Празднуя, как один человек, двухсотлетний юбилей корифея, – отчего бы не припомнить знаменитую мизансцену и нам?
Правда, там еще невероятно много букв. Ну так отметим лишь ключевые телодвижения.
– Ох, больно, братец, пустите, ей-богу, задохнусь!
– Хорошо тебе?
– Неловко ногам.
(Ремарка: «Он отпустил ее, она поправила ноги и села подле него». Все? Отстал? Ничуть не бывало. Атака возобновляется.)
– Зачем ты любишь цветы, котят, птиц?
– Кого же мне любить?
– Меня, меня!
– Ведь я люблю.
– Не так, иначе!
Ремарка: «положив ей руки на плечи». Это словесная – и физиологическая – кульминация. Тут уж все настолько недвусмысленно, что какая дура ни будь, а волей-неволей ответит по существу. Она и отвечает:
– Вон одна звездочка, вон другая, вон третья: как много!.. Скоро ужин…
И т. д. Полторы страницы она болтает без умолку, а он типа отключился.
Ремарка: «…и задумалась, наблюдая, как под рукой у нее бьется в левом боку у Райского. (Подлежащее в придаточном пропущено не мной!
– Больно, пустите… ах, как неловко.
А этот продолжает изображать мертвого жука. Лично я догадываюсь, что случилось. Вы, полагаю, – тоже. Дело житейское, – а не надо было так себя растравлять; мышца – не камень.
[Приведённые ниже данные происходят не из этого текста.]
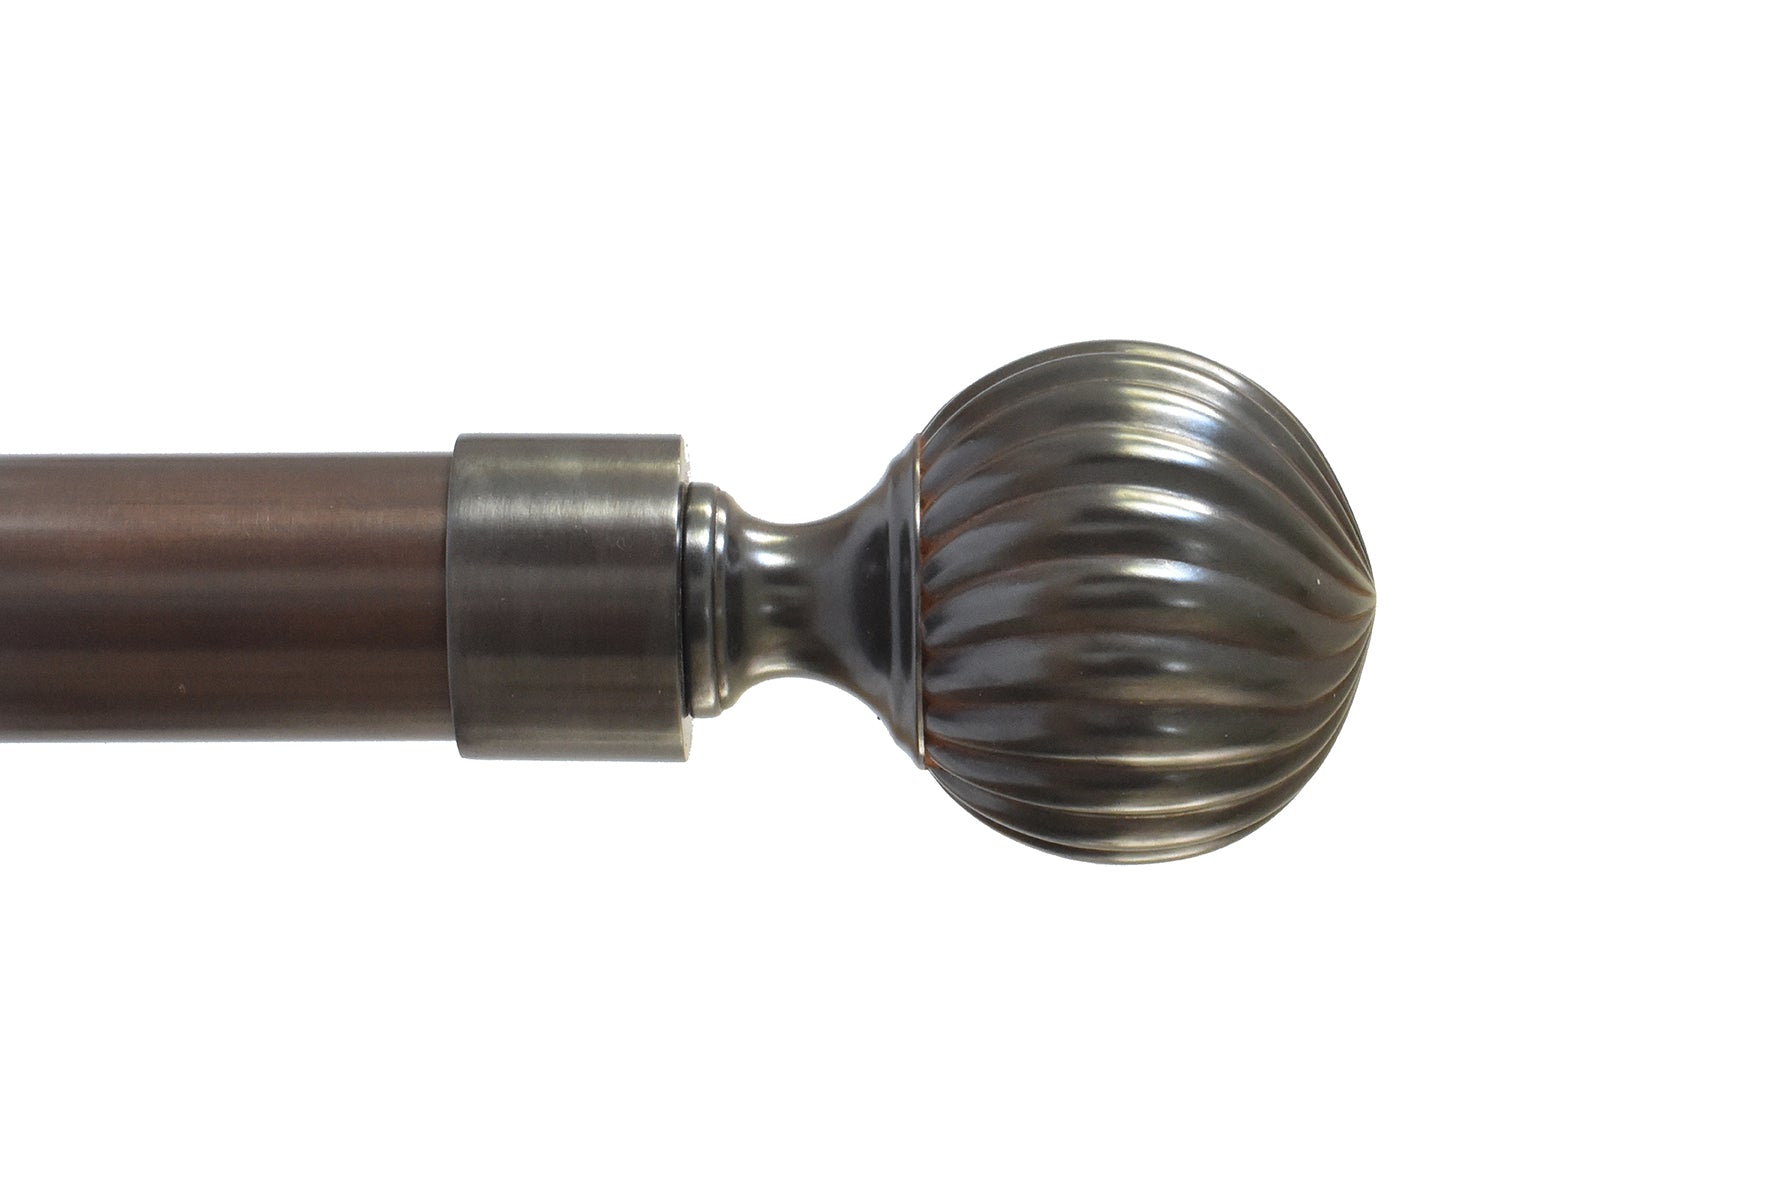 Tillys Classic Twisted Ball Finial Curtain Pole Set in Bronze

Но классическая проза видит вещи иначе: впал в каталепсию (на последнем отрезке, учтите, не отвечал за себя: такая мощная вспышка темперамента, что нервы не выдержали) – практически потерял сознание – очнувшись, выдал частичную амнезию:
«Он вдруг отрезвился, взглянул с удивлением на Марфеньку, что она тут, осмотрелся кругом и быстро встал со скамейки. У него вырвался отчаянный: “Ах!”»
Теперь истерика, а как же, – страницы на полторы: не подходи близко, не ласкай меня! – не отвечай никогда на мои ласки! – если я когда-нибудь буду слишком ласков или другой также… Этот Викентьев, например… – Ни ему, ни мне, никому на свете… Люби цветы, птиц, занимайся хозяйством… Ты перл, ты ангел чистоты… – Никогда не подходи близко ко мне, а если я подойду – уйди! – Не хочу ни ужинать, ни спать.
И – в кусты (буквально: «бросился с обрыва и исчез в кустах»).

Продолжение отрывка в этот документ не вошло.